The screenshot I attached didn't show up, so I copied a portion of the CLI console output after running the "cdr set debug on" command here...

[Edit by Rusty - Trimmed excessive inline debug and added noformat tags]
{noformat}
0xb4582df4 - Created CDR for channel IAX2/vm1-16680
0xb4582df4 - Transitioning CDR for IAX2/vm1-16680 from state NONE to Single
0xb4582df4 - Set answered time to 1407807886.152873
0xb4582df4 - Transitioning CDR for IAX2/vm1-16680 from state Single to Bridged
0xb4582df4 - Party A IAX2/vm1-16680 has new Party B IAX2/vm17-23455
0xb458327c - Created CDR for channel IAX2/vm1-16680
0xb458327c - Transitioning CDR for IAX2/vm1-16680 from state NONE to Single
0xb458327c - Set answered time to 1407807886.155718
0xb458327c - Transitioning CDR for IAX2/vm1-16680 from state Single to Bridged
0xb458327c - Party A IAX2/vm1-16680 has new Party B IAX2/vm17-23455
{noformat}

By: Matt Jordan (mjordan) 2014-08-12 09:26:41.717-0500

We require a complete debug log to help triage the issue. This document will provide instructions on how to collect debugging logs from an Asterisk machine for the purpose of helping bug marshals troubleshoot an issue: https://wiki.asterisk.org/wiki/display/AST/Collecting+Debug+Information



By: Matt Jordan (mjordan) 2014-08-12 09:28:16.779-0500

*Note*: All channels have CDRs, so this likely has nothing to do with CDRs. What's more, CDRs are built from channel snapshots, not the channels themselves and do not affect the lifetime of the channels. If you have lingering channels, that's typically a channel reference leak.

In addition to the DEBUG log, please enable REF_DEBUG in your {{menuselect}} build options, and provide the refs log generated in your Asterisk log directory. Note that we don't need to see 100 channels - only a single channel that reproduces the problem is sufficient.

By: Frankie Chin (fchin) 2014-08-14 01:14:38.086-0500

Hi Matt, please find the attached "full" log as requested. I followed the steps in the "Collecting Debug Information" page except that I didn't turn on the SIP debug. I hope this would help. Please let me know if you want me to enable CDR debug by "cdr set debug on".

I have also enabled the REF_DEBUG option in the menuselect, rebuilt and reinstalled Asterisk. The refs log generated is extremely huge ~700 MB. Could you please explain in more details how I  can make it to generate debug info only for a single channel? Thanks.

By: Frankie Chin (fchin) 2014-08-18 17:18:22.796-0500

I'm trying to assign this JIRA issue back to Matt Jordan.

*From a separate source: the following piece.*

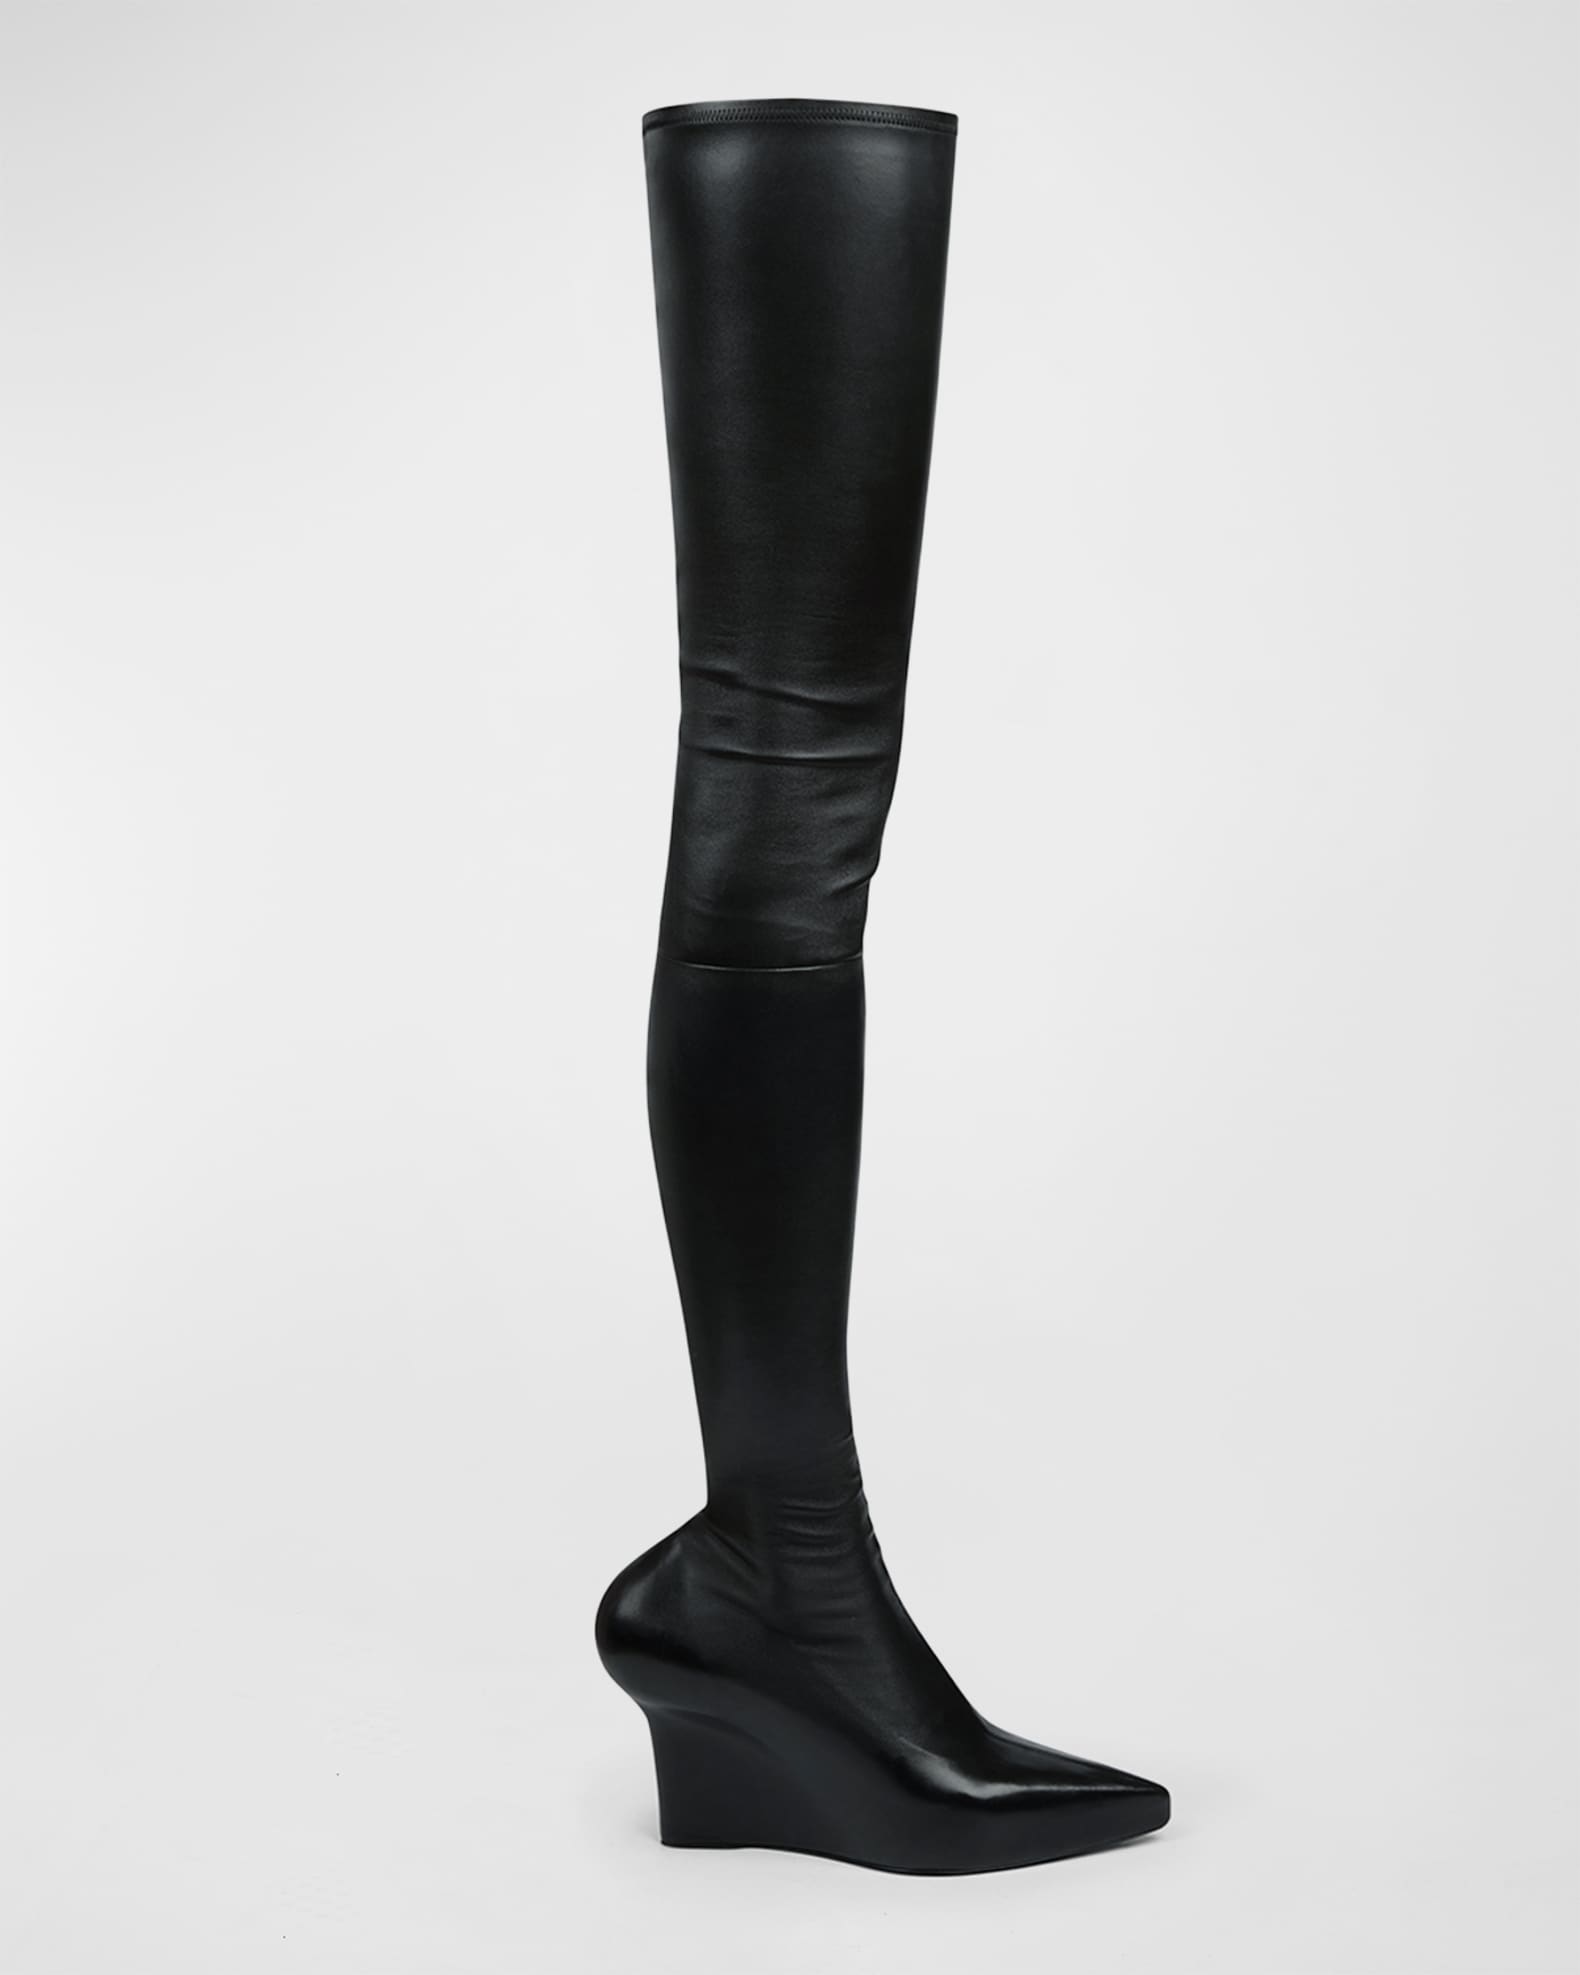 Givenchy Show Stretch Over-The-Knee Boots | Neiman Marcus

By: Matt Jordan (mjordan) 2014-08-21 09:54:58.327-0500

# The FULL log is helpful. When this occurs, does 'core show channels' list any active channels?
# You can process a REF_DEBUG log to only show the leaked objects, which will be a lot smaller than the full file. In {{contrib/scripts}}, run the following:
{format}
contrib/scripts$ ./refcounter.py -n -f /var/log/asterisk/refs > leaked_skewed.txt
{format}
Attach the resulting file to this issue, which should be a lot smaller than several hundred megabytes.

By: Frankie Chin (fchin) 2014-08-21 21:35:25.720-0500

1. After ending the conference, "core show channels" listed 0 active channels.
2. Running the "refcounter.py" script this time only reduced the size from ~400MB to ~220MB. I'll try attach the "leaked_skewed.txt" to this JIRA issue.

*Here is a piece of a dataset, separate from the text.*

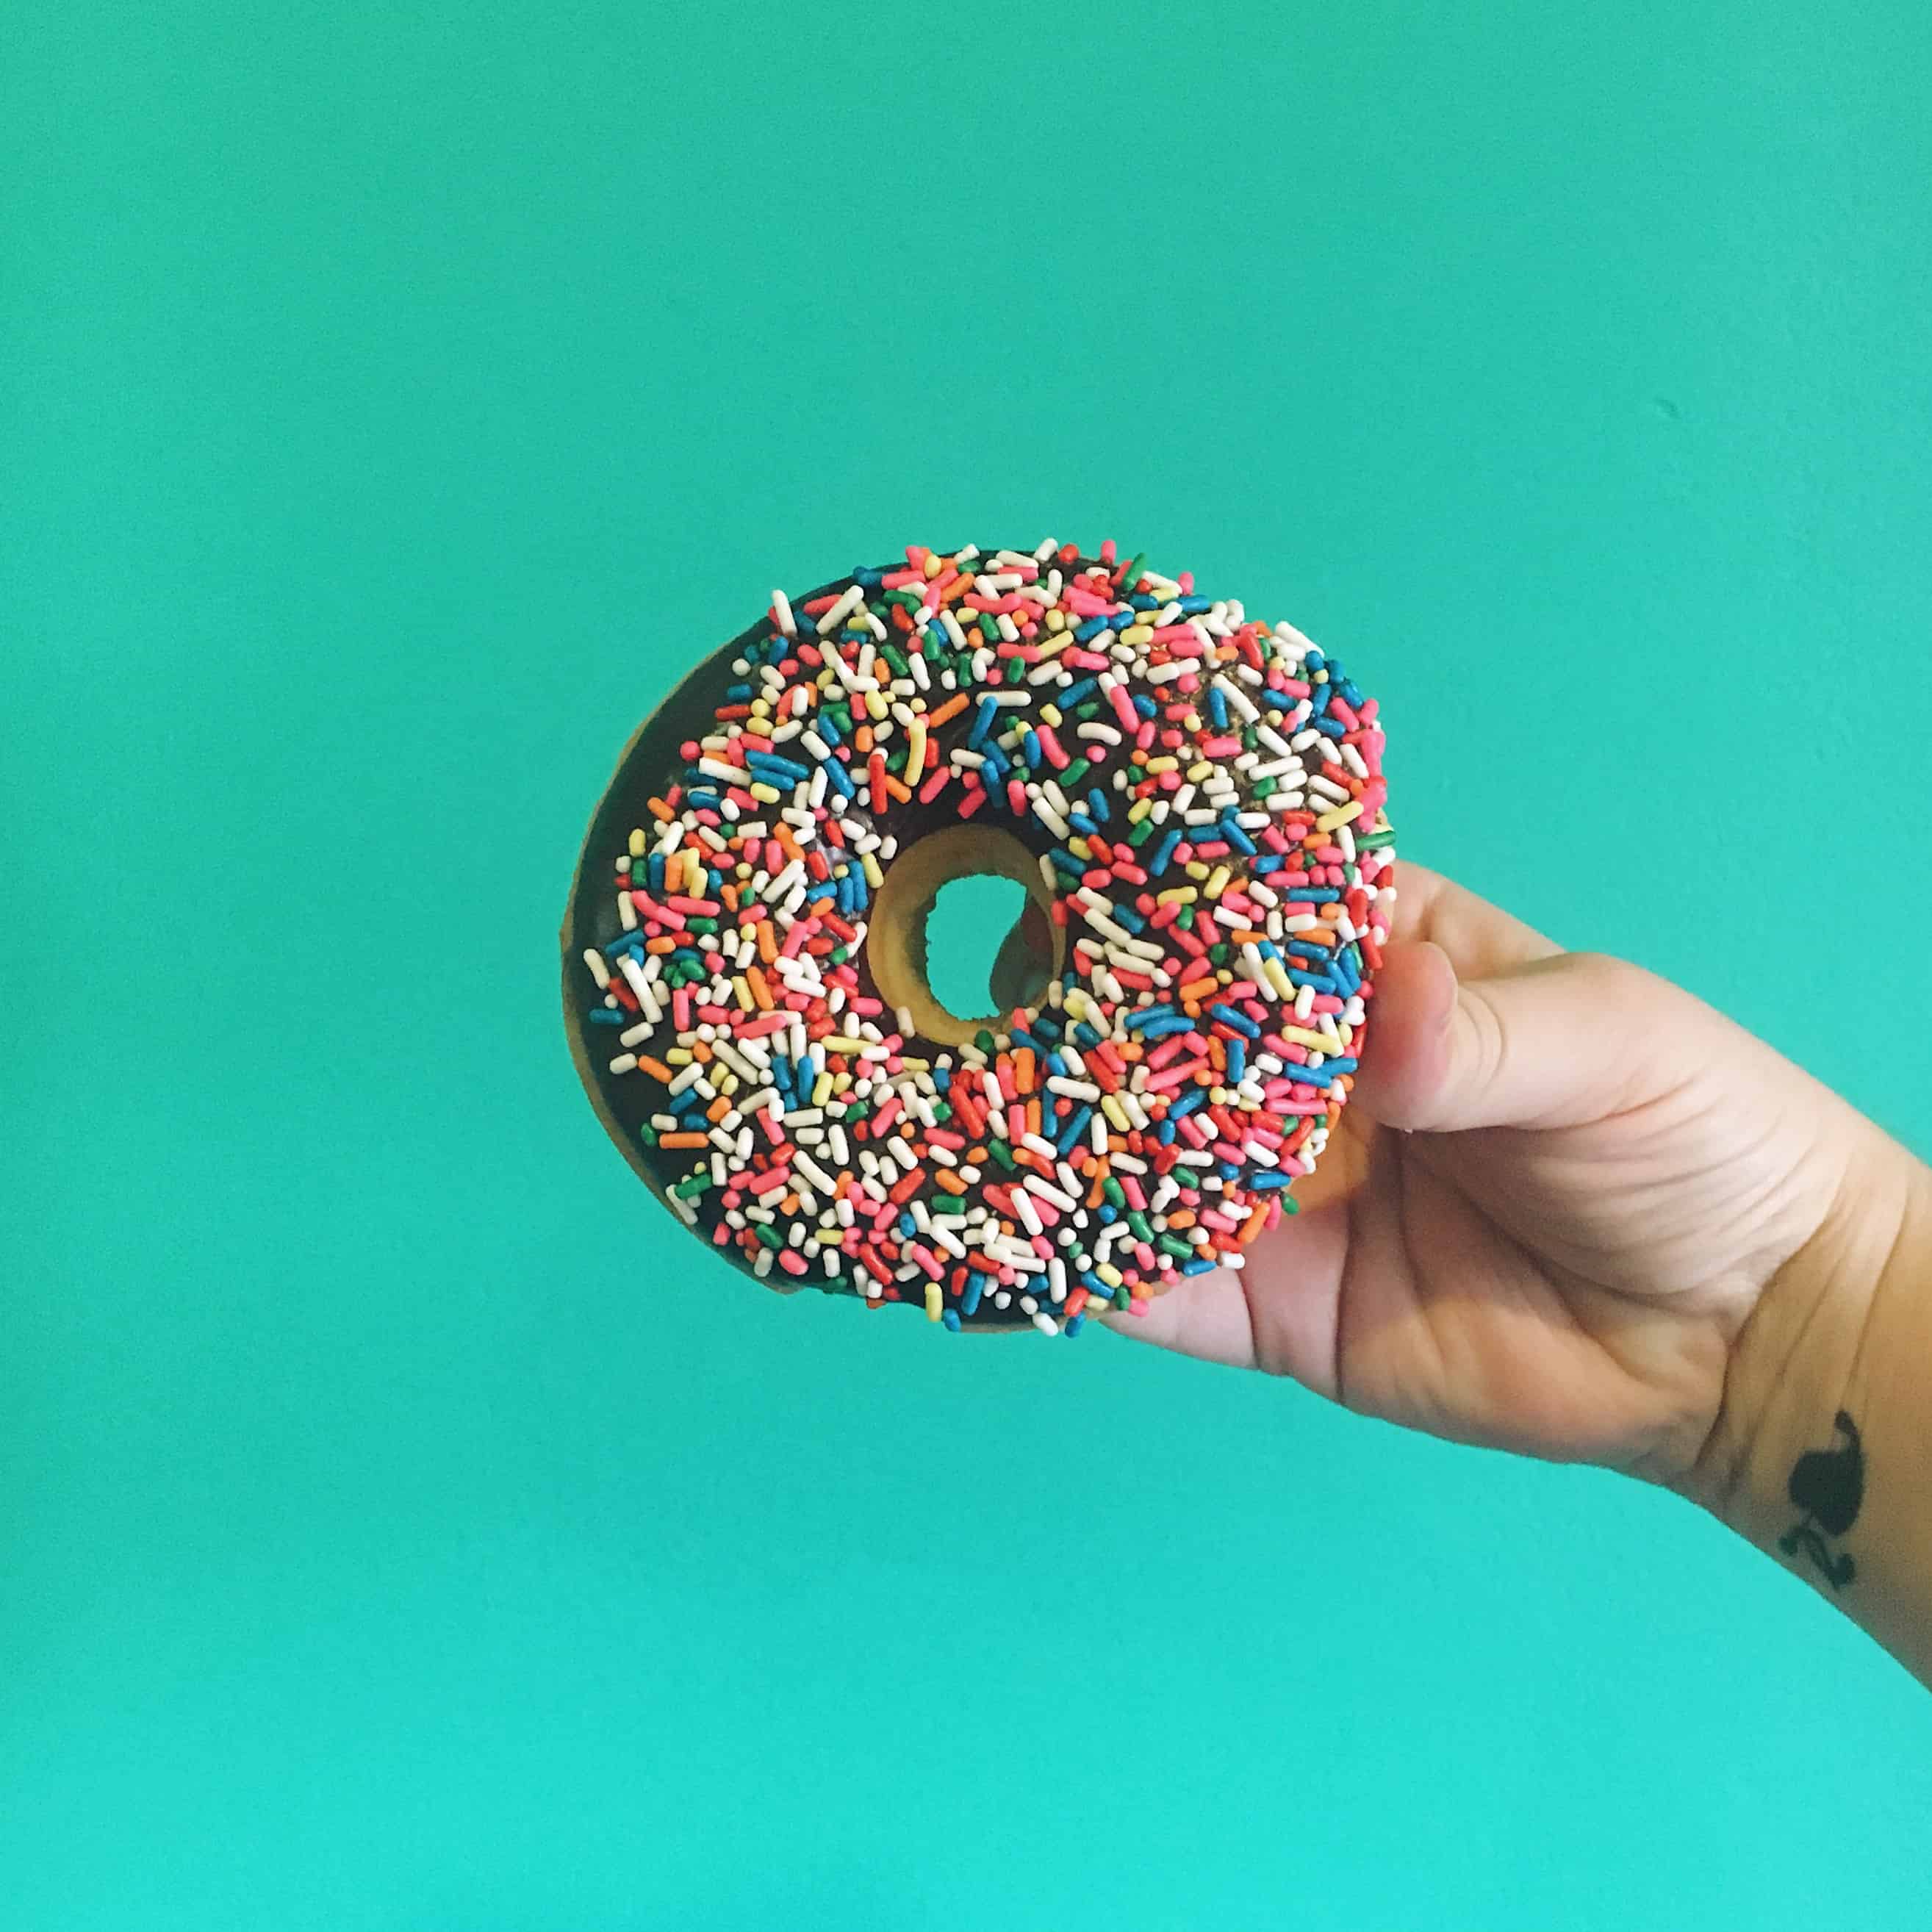 A sprinkle-covered donut against a teal background.

Btw, I found a way to avoid this issue, i.e. by turning off CDR logging in "cdr.conf".

By: Frankie Chin (fchin) 2014-08-21 21:41:32.986-0500

The "leaked_skewed.txt" is compressed using 7zip and attached to this issue.

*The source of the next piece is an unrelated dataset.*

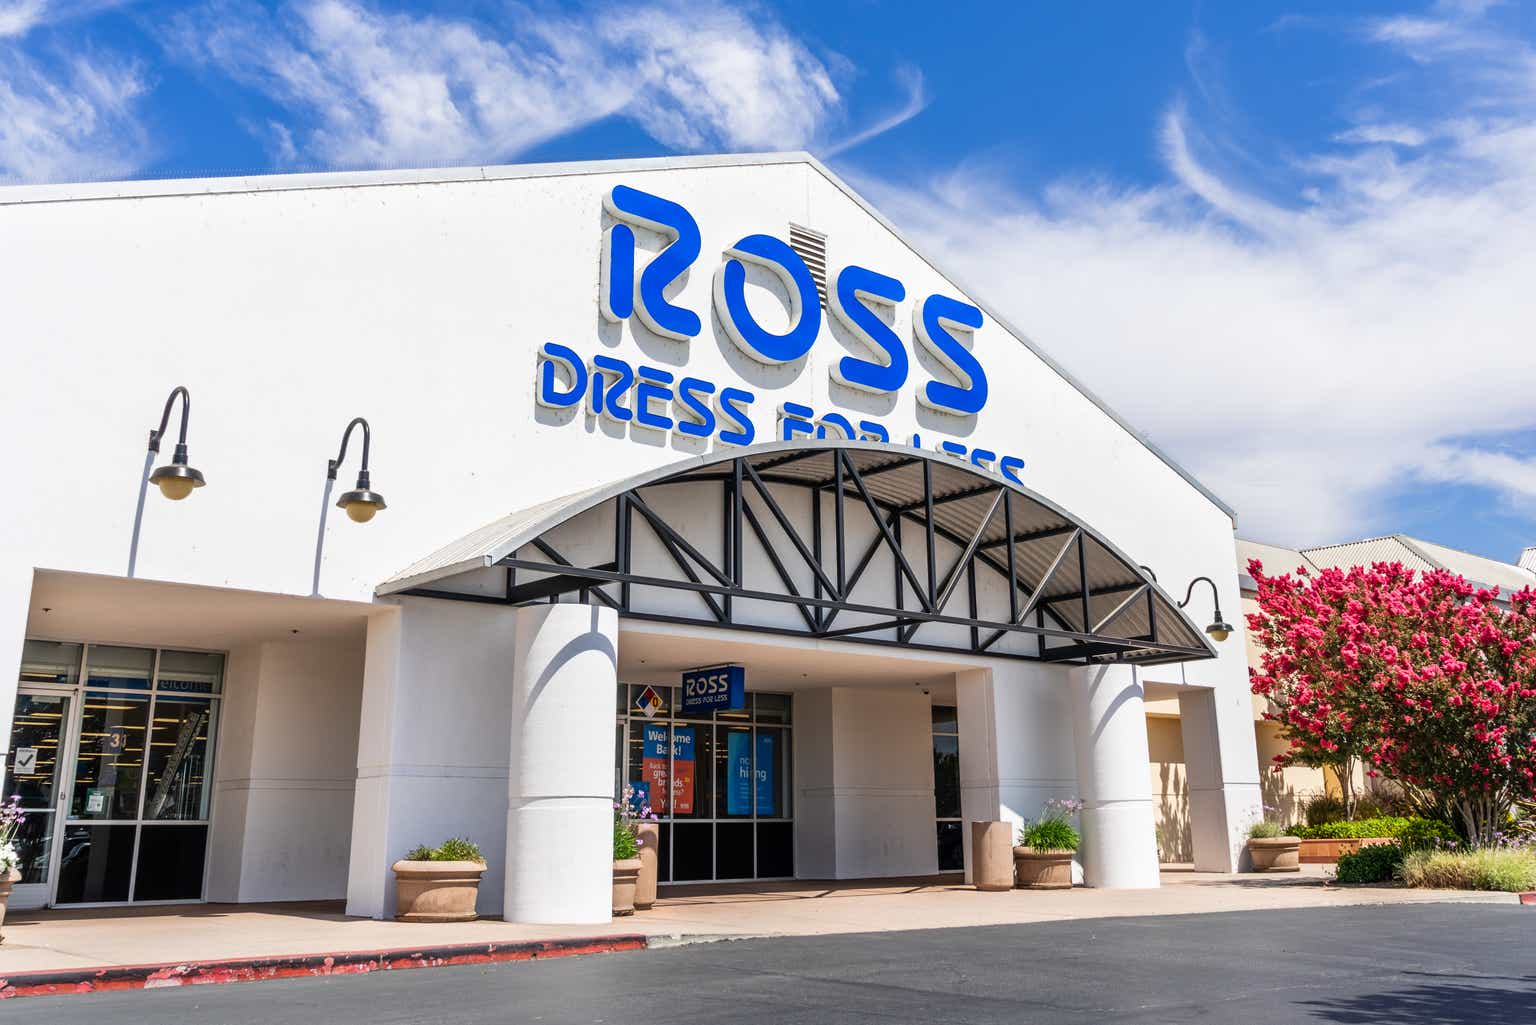 Best Ross Stores Near Me - December 2023: Find Nearby Ross Stores

By: Matt Jordan (mjordan) 2014-09-03 10:41:42.212-0500

I have a feeling this is related to ASTERISK-24241. Can you apply the patch on that issue and see if it alleviates some of the problem you're seeing?

By: Frankie Chin (fchin) 2014-09-03 17:41:21.860-0500

Hi Matt, thanks for the update. I'll try out the patch and let you know the outcome.

By: Frankie Chin (fchin) 2014-09-09 18:45:48.769-0500

Matt, I just tested out the patch and it seems working pretty good. The CPU usage was around 30% during the conference and went down to 1% after the conference was ended. "cdr set debug on" was no longer showing endless activities. Thanks a lot!